Noninferiority designs differ from standard superiority trials in several fundamental ways. The null hypothesis of standard superiority trials is that there is no true difference between the interventions. In other words, unless strong evidence is found indicating the superiority of one intervention over the other, the default conclusion is that no treatment difference exists. A Type I error is erroneously concluding a treatment difference that is unlikely to actually exist (thus erroneously rejecting the null hypothesis). A Type II error is a failure to reject the null hypothesis when in fact the alternative is true (thus erroneously missing an actual difference in treatments). In contrast, noninferiority trials have a null hypothesis that the experimental treatment is inferior to the standard treatment by at least a certain prespecified amount (δ): H0 : μStandard Treatment - μExperimental Treatment ≥δ. The alternative hypothesis to be proven is that the experimental treatment is inferior to the standard treatment by less than that same amount (δ): H1 : μStandard Treatment - μExperimental Treatment <δ. Thus, the definitions of the type I and type II errors are reversed. The type I error for a noninferiority trial is the probability of erroneously concluding noninferiority when evidence is lacking that the novel treatment truly is inferior to the control and a type II error is the probability of erroneously failing to reject the null hypothesis when the novel treatment is truly noninferior.

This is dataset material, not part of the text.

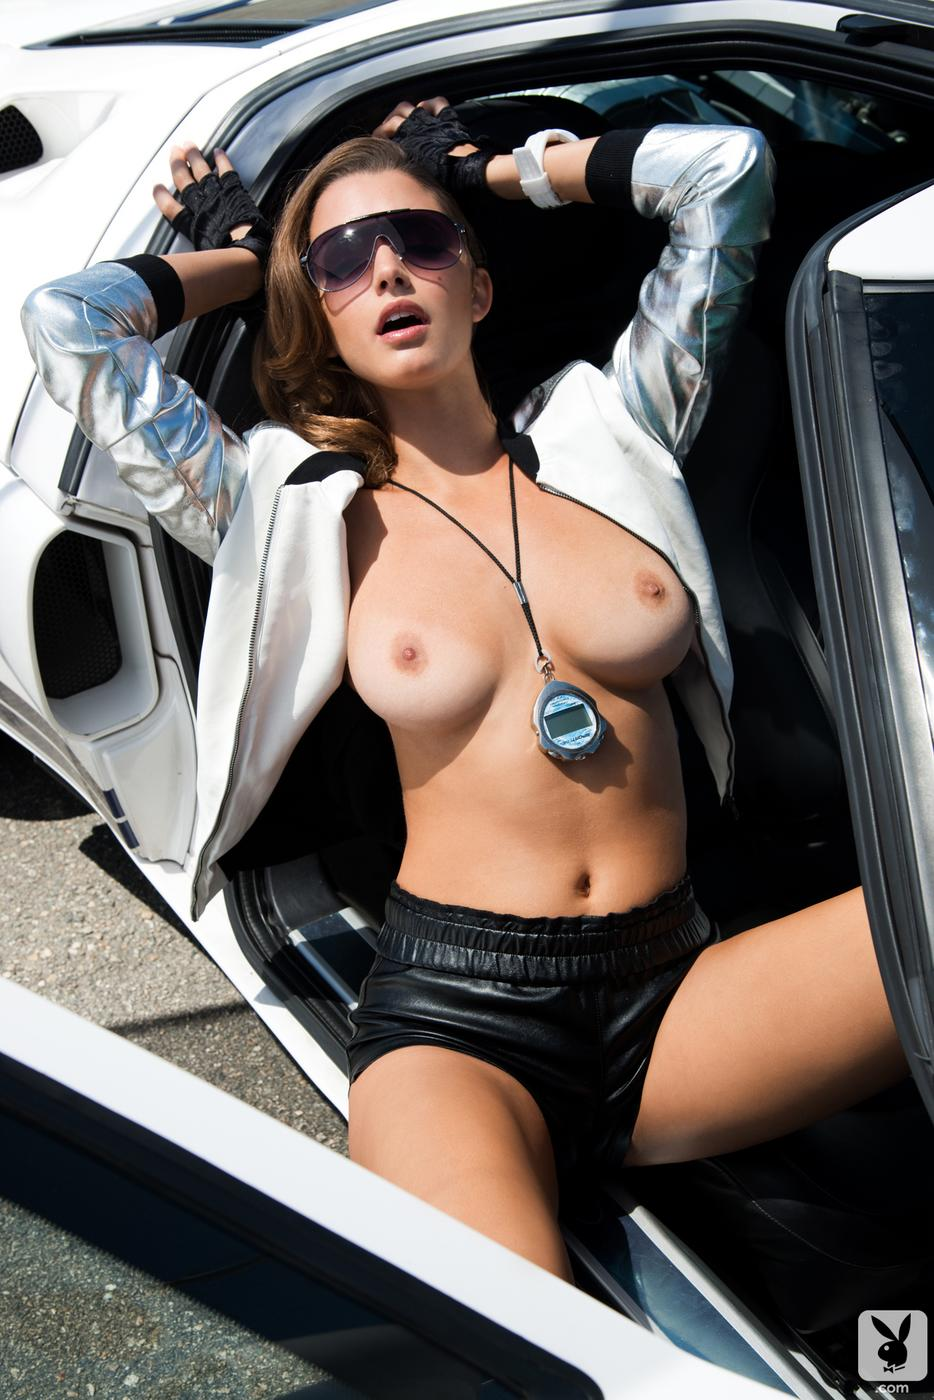 Alyssa Arce Nude Pics alyssa arce nude pictures at erosberry - the best

Noninferiority designs can be of value when a novel treatment has been developed that is easier to use, has fewer side effects, is less costly, and/or provides increased access to care compared to the standard treatment. If the new treatment offers these more appealing characteristics, then the research goal may be to show that its effectiveness is not much less than that of the standard treatment. A key methodological consideration that we elaborate upon later is the choice of the standard treatment. Neither an equivalence nor a noninferiority design can be appropriately used without a consistently effective treatment to serve as the active control.
Although the existence of a standard treatment is necessary for the use of these designs, it is not sufficient justification. There must be a genuine question as to the equivalence or noninferiority of the new treatment. If the new treatment is expected to be better than the standard treatment, a superiority trial is called for.
Within recent years, there has been a significant increase in the number of effective, well validated treatments for individuals suffering from traumatic stress disorders. Noninferiority designs can be used to evaluate modifications to these interventions, alternate delivery modalities, and applications to special populations. A noninferiority conceptual approach is also relevant to treatment dismantling studies, comparative outcome studies, cost studies, and efforts to understand mechanisms of action in mental health treatments. These designs may play a critical role in expanding access to evidence based treatment of traumatic stress.
Collectively, the authors are working on a number of randomized clinical trials for mental health and medical interventions that incorporate noninferiority designs. One example is an ongoing noninferiority trial examining the clinical effectiveness of using a telemental health service delivery mode to provide a cognitive-behavioral therapy for treating combat related PTSD (Morland et al., 2008). For purposes of illustration, we will describe and discuss elements of the project as one example of the appropriate application of the noninferiority design.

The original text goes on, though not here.